The foggy ribbon grew foggier.
That was not right. A healthy strand looked like a cable of fiber optics, brilliant with light, solid, gleaming when seen from afar. Like the strands coming off that anchor point.
Hager asked, "Can you break away at J. Duosconica? Lay over till it's safe?"
"The star is a white dwarf. Nexus is too close in. Too hot for us. We have to go on. And hope we get there behind the Presence."
The dread grew.
The shaking started. It began as vibrations Jo barely felt through her soles. In minutes the Traveler was bouncing like a light aircraft in heavy turbulence.
Timmerbach shouted at his bridge gang.
"We can't hold it any farther off the centerline, sir. We're risking premature breakaway now."
Jo grimaced. If they dropped off now, they would be almost a light year from the overly hot J. Duosconica. Climbing back on might be impossible. Misty as the strand was, instruments might not locate it.
Jo palmed her communicator. "Colonel Vadja. Klass."
After a moment, "Vadja here, Sergeant. What's happening?"
"Trouble with the Web. I'm on the bridge. I thought it might be interesting to see what our aliens are doing. Can you cover it?"
"Will do, Sergeant."
Commander Haget nodded. "Good thinking, Klass. Chief, time estimate to the anchor point?"
"Ten minutes. Roughly. We may have to move back into the strand if..."
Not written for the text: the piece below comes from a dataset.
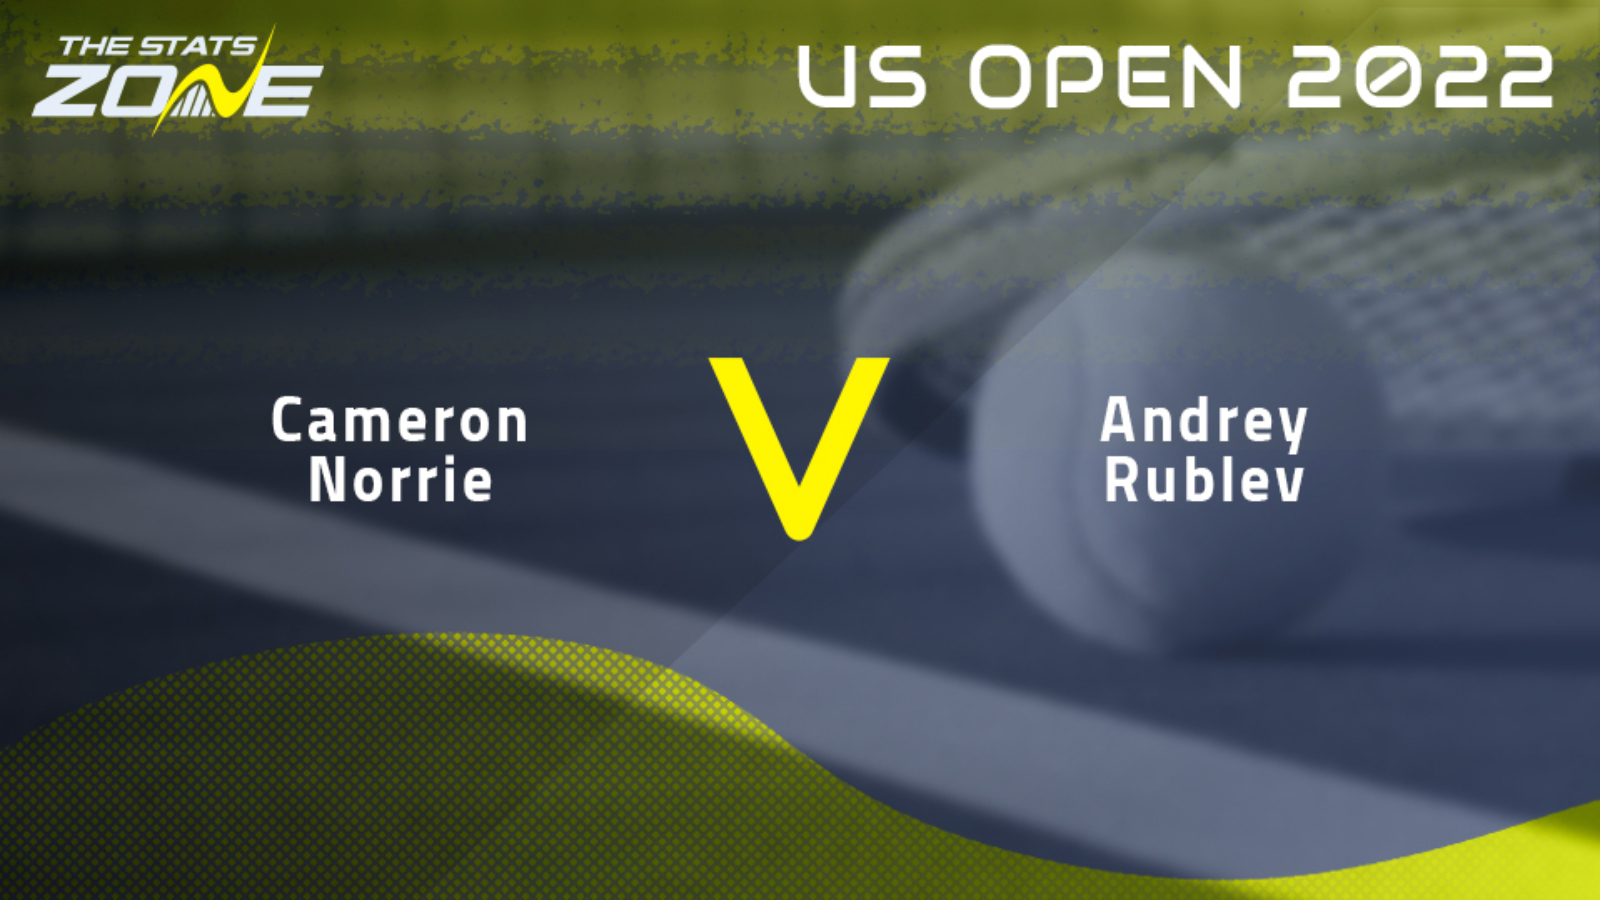 Cameron Norrie vs Andrey Rublev – Round of 16

"Chief!" someone shouted. "We got something coming up behind us. Fast! Gods! It's a big mother... Saldy. What the hell is that? It's going to run us over!"
Timmerbach ran around, cursed, shook a fist at a secondary screen. "Take us in to the core! Maximum ahead. That's a Guardship! That's a goddamned Guardship, and it's going to smash us right off the Web!"
The Traveler rumbled and shuddered and surged. Jo staggered, grabbed for a handhold. The anchor point swelled. So did the darkness surrounding it. The strand grew more turbulent, the ride rougher. The Traveler creaked, groaned. There was a shriek of tormented metal somewhere aft.
The aft view showed a glowing egg ploughing through Web stuff, swelling. Timmerbach raged. "That bastard can see us! He don't care if he kills us! The goddamned arrogant asshole! Seligo. Pick a strand coming off the anchor. Now!"